In addition, according to the embodiment, command 50 includes identification information 50 a for identifying a source of transmission. In the example illustrated in FIG. 4, command 50 includes, as identification information 50 a, identifier “000” assigned to radio remote controller 200 that is the source of transmission. Command 50 described above is received by command receiver 120 of lighting device B.
Moreover, command 50 transmitted by radio remote controller 200 is also received by relay receiver 410 of relay 400, and transmitted by relay transmitter 420. More specifically, relay transmitter 420 rewrites identification information 50 a of command 50 and subsequently transmits command 50. In the example illustrated in FIG. 4, identification information 50 a of command 50 received from radio remote controller 200 is rewritten from “000” to “001” that is an identifier assigned to relay 400. Command 50 including identification information 50 a which has been rewritten and transmitted by relay transmitter 420 is received by command receiver 120 of lighting device B.
In this manner, command receiver 120 of lighting device B receives two commands 50 indicating the same instruction. However, the two commands 50 have the same command number “012”, and thus lighting device B discards one of the two commands 50 which is received later.
In sum, lighting system 10 according to the embodiment performs the following method of communication. Radio remote controller 200 transmits command 50 including an instruction to lighting device 100 and a command number having a value varied every time command 50 is transmitted. Relay 400 wirelessly transmits command 50 received. Lighting device 100 receives command 50 transmitted by radio remote controller 200 or relay 400. If the command number included in a received command that is command 50 received does not match a command number stored in storage 130, lighting device 100 controls light source 110 according to the instruction included in the received command, and stores the command number included in the received command to storage 130. If the command number included in the received command matches the command number stored in storage 130, lighting device 100 discards the received command.
The following describes in more detail a specific example of the above-described operation, with reference to FIG. 5.
FIG. 5 is a flowchart illustrating an example of an operation flow of lighting system 10 according to the embodiment. It should be noted that, in the following example, the operation of lighting device 100 is described focusing on an operation of lighting device B (see FIG. 2 and FIG. 3), among lighting devices 100, which is placed in an environment where command 50 is redundantly received.
First, radio remote controller 200 receives a user's operation, for example, for controlling (e.g., changing a dimming ratio) lighting devices 100 (S10). Command transmitter 210 of radio remote controller 200 increments a command number when generating command 50 corresponding to this operation (S11).
More specifically, a command number (e.g., “011”) of command 50 transmitted immediately before is stored in a recording medium such as a non-volatile memory (not illustrated) of radio remote controller 200, and command transmitter 210 generates a command number “012” by incrementing by one the command number stored in the recording medium.
Command transmitter 210 transmits command 50 including the command number “012” and an instruction corresponding to the above-described operation (e.g., “dimming ratio: 80%”).
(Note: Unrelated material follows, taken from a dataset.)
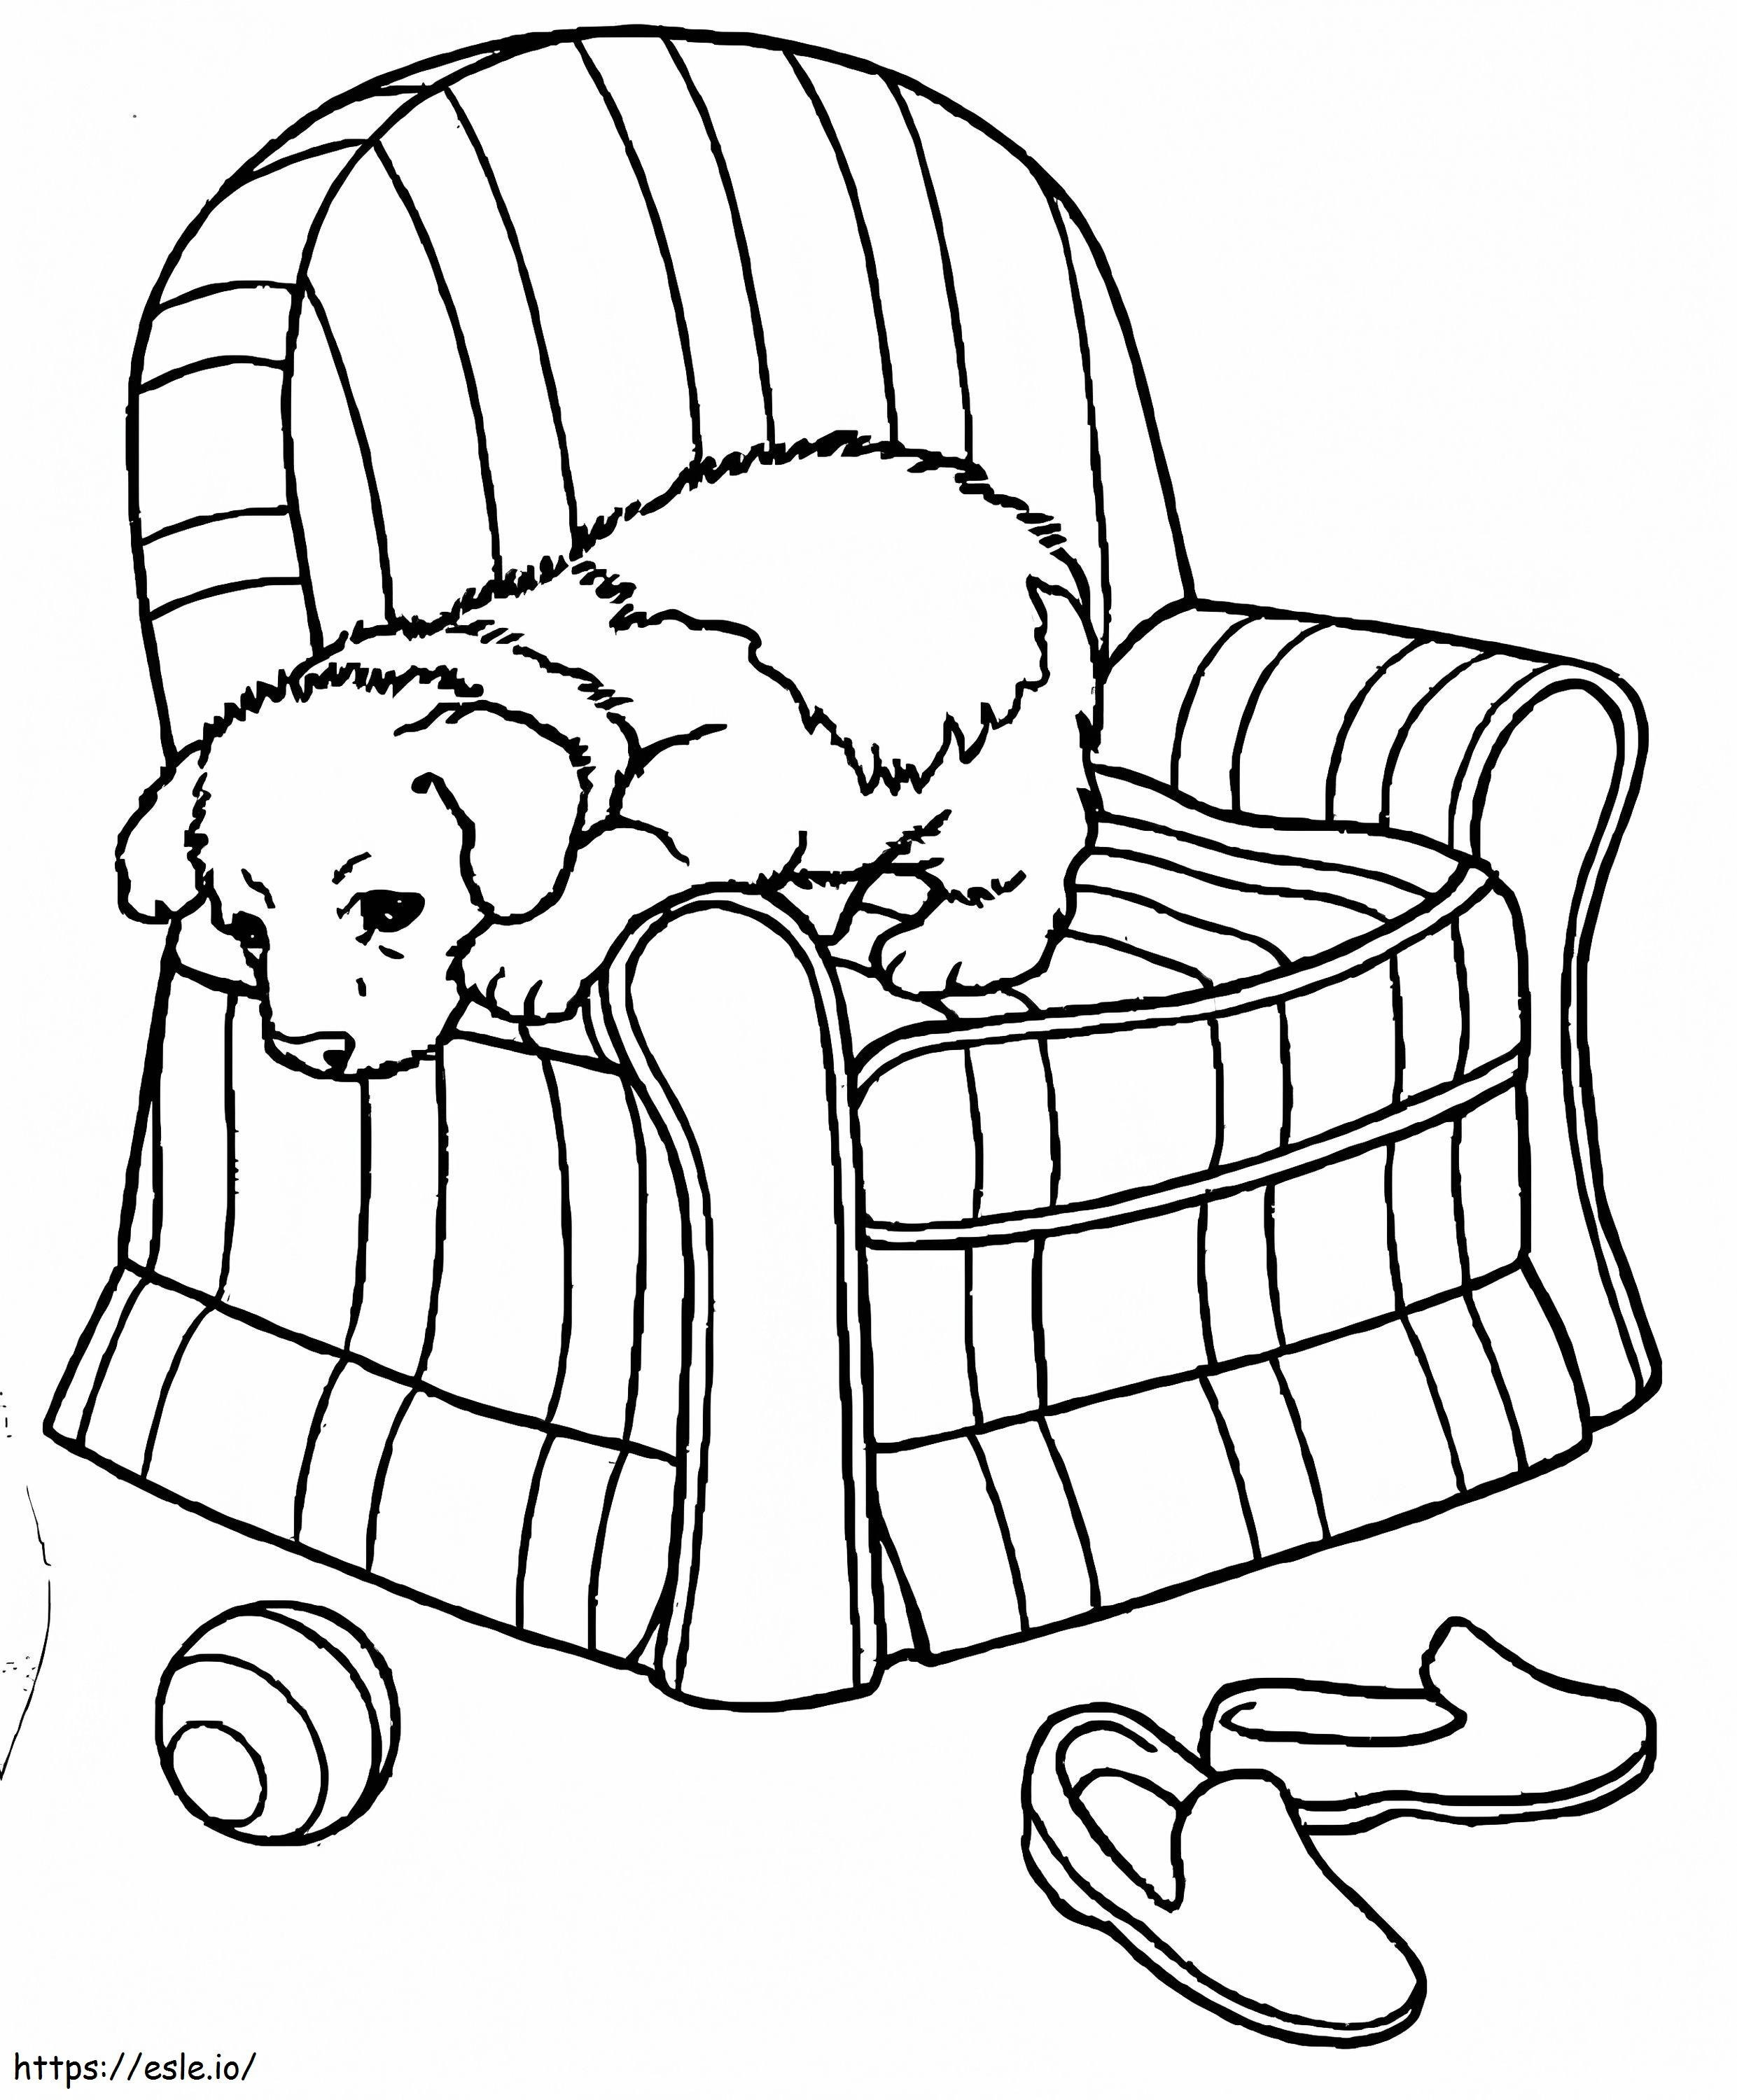 Puppy Free coloring page

It should be noted that command 50 described above includes, for example, identifier “000” of radio remote controller 200 as identification information 50 a as illustrated in FIG. 4.
Command receiver 120 of lighting device B receives command 50 transmitted by command transmitter 210, without involving relay 400 (S40). Control circuit 140 of lighting device B compares the command number “012” included in command 50 received by command receiver 120 (received command) with a command number stored in storage 130.
At this time, control circuit 140 of lighting device B has already performed control corresponding to command 50 to be executed (latest command 50) which command receiver 120 received last time, and command number “011” of latest command 50 is stored in storage 130.
Accordingly, the command number “012” included in the received command does not match the command number “011” stored in storage 130 (NO in S41). For that reason, control circuit 140 controls light source 110 according to the instruction included in the received command (S50). In this example, the dimming ratio is set to 80% as a result of the control performed on light source 110.
In addition, control circuit 140 stores the command number “012” to storage 130 (S51). At this time, the existing command number “011” may be rewritten to store a new command number “012”, or the new command number “012” may be stored in storage 130 with the existing command number “011” remaining in storage 130 in a manner that the new command number “012” is identifiable as a latest command number. It should be noted that, when the command number is rewritten in storage 130, storage 130 may have a minimum storage capacity for storing only one command number.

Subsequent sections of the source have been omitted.